Олеко Дундич - Покровский Александр Владимирович 6 стр.


Если ты нарушишь клятву, люди отвернутся от тебя, как отвернулись от Кочина. С ним тебе не по пути. Твое место рядом с Колей Рудневым. Уж кто-кто, а он тебя поймет. Немцы убили его девушку. Ты видел ее фотографию: статная, светлорусая, на лице — озорная улыбка…»

В Царицыне ли Руднев? В последний раз Дундич видел его в районе станции Чир, точнее, не на станции, а у высокой насыпи, где обрывался стальной путь. Дальше эшелонам двигаться нельзя было. Первый пролет большого железнодорожного моста, переброшенного через реку, был взорван. Над шумящим Доном беспомощно повисли согнутые рельсы, куски изуродованного металла. Это было делом рук белоказаков.

Пока люди копали котлован, готовили деревянные клети, грузили на подводы камень, песок, морозовские красногвардейцы из бревен и досок соорудили плавучий мост. Когда он был наведен и опробован, Руднев предложил Дундичу вслед за морозовцами переехать со своим отрядом на левый берег.

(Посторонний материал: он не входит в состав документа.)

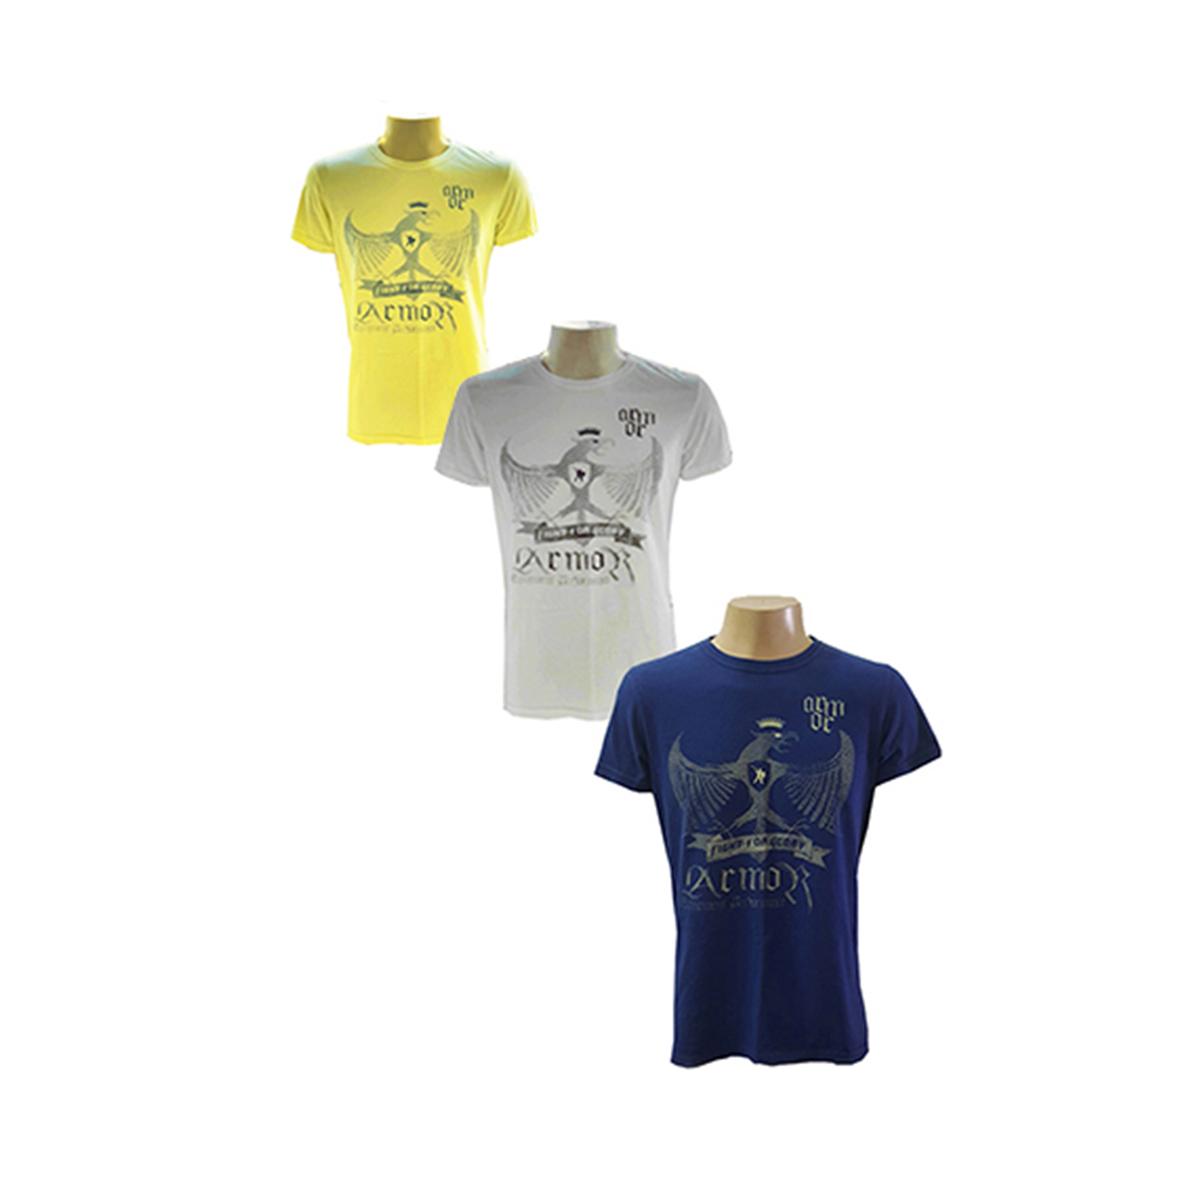 Camisa de malha manga curta Fênix 100% algodão
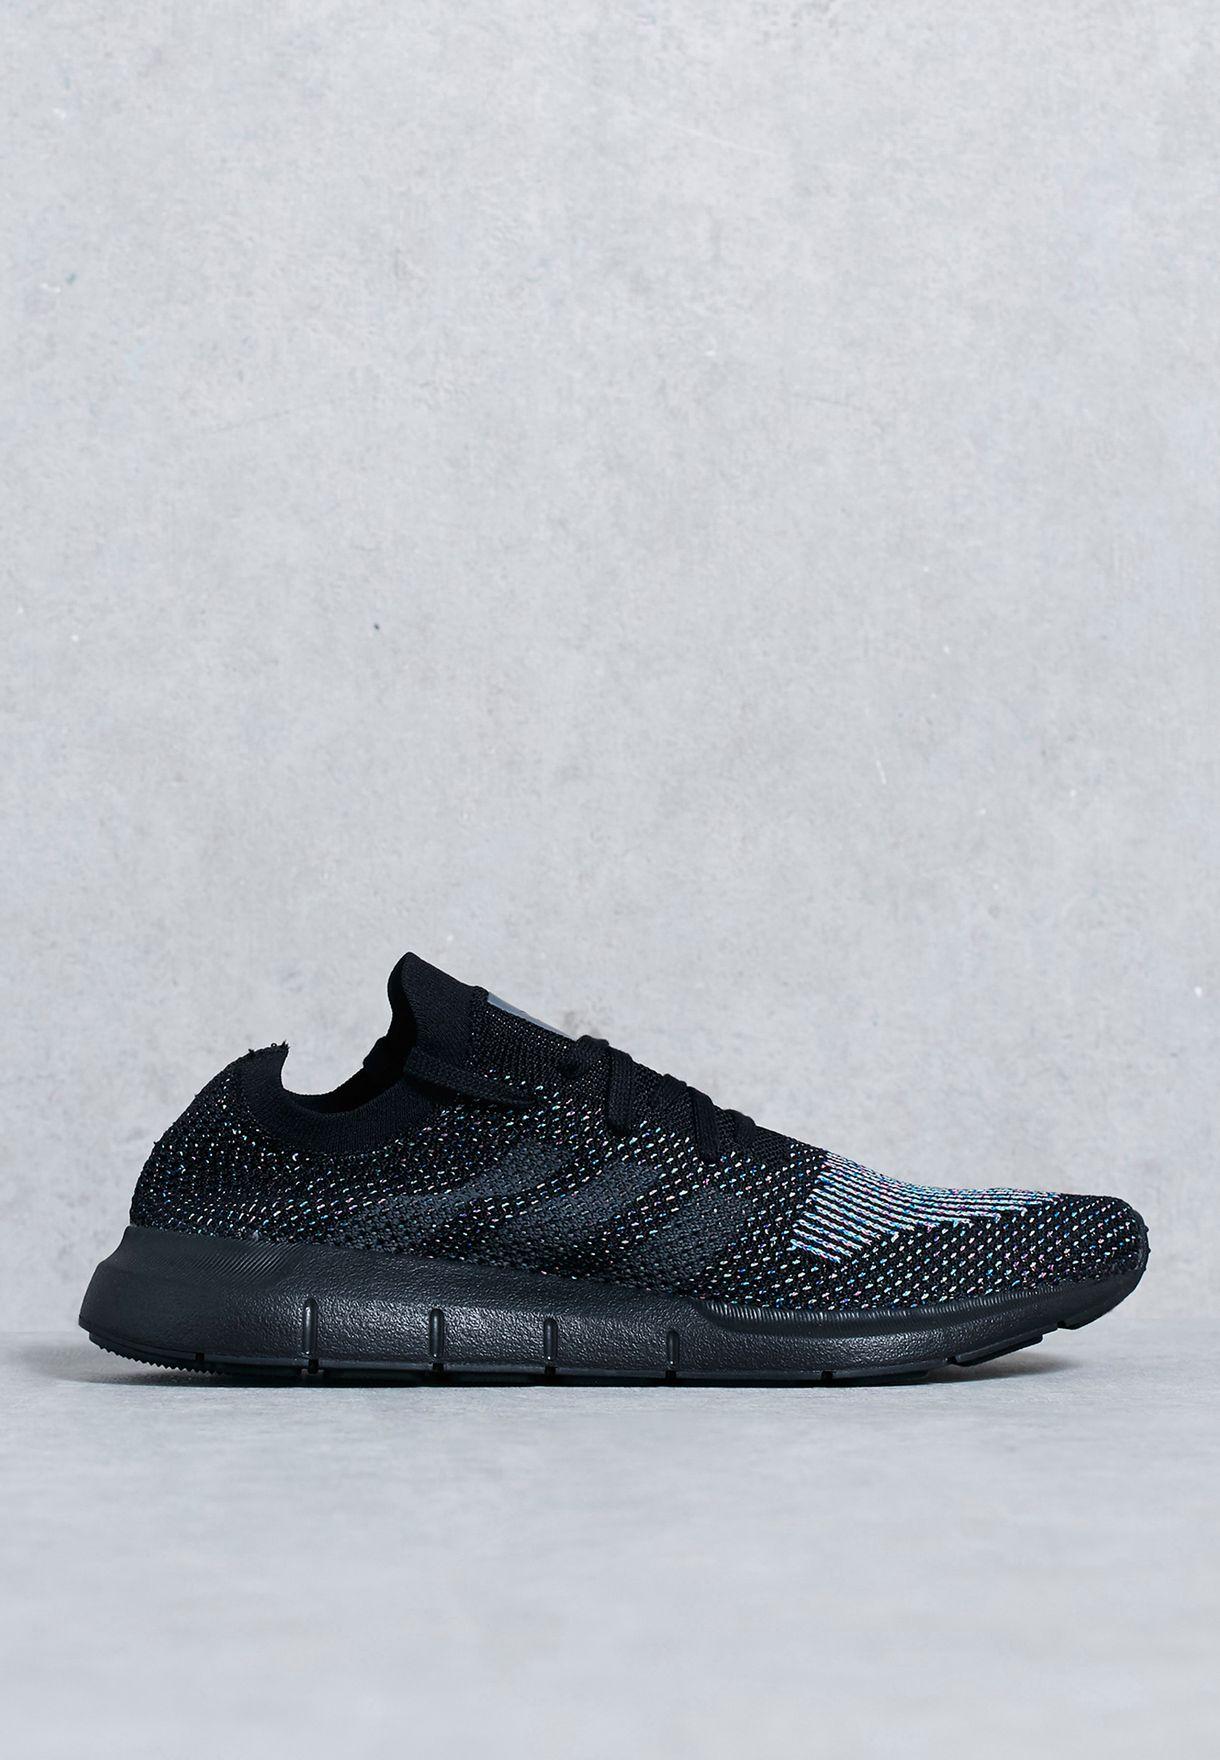 c77d1b7ecb361 Shop adidas Originals black Swift Run PK CG4127 for Men in UAE ...

— Пробивайся к Царицыну и жди меня там. Как только мост восстановим — приеду.

И Дундич решил дождаться.

Вскоре первые эшелоны прошли через восстановленный, но еще скрипевший и дрожавший мост. В одном из них прибыл в Царицын и Руднев.

Вечером Олеко отправился к нему. Волнуясь, он поднялся на второй этаж особняка, в котором остановился Руднев, и тихо постучал в дверь.

— Кто там? Заходите, — раздался знакомый голос.

Увидев в дверях Дундича, начальник штаба бросился к нему.

— Друже, — воскликнул Руднев, протягивая сразу обе руки, — садись вот здесь, поближе. Рассказывай, как живешь-поживаешь на царицынской земле.

— Живу ничего, — неопределенно ответил Дундич.

— Ничего? Это и значит ничего, — пошутил Руднев. — Так командир отряда не докладывает.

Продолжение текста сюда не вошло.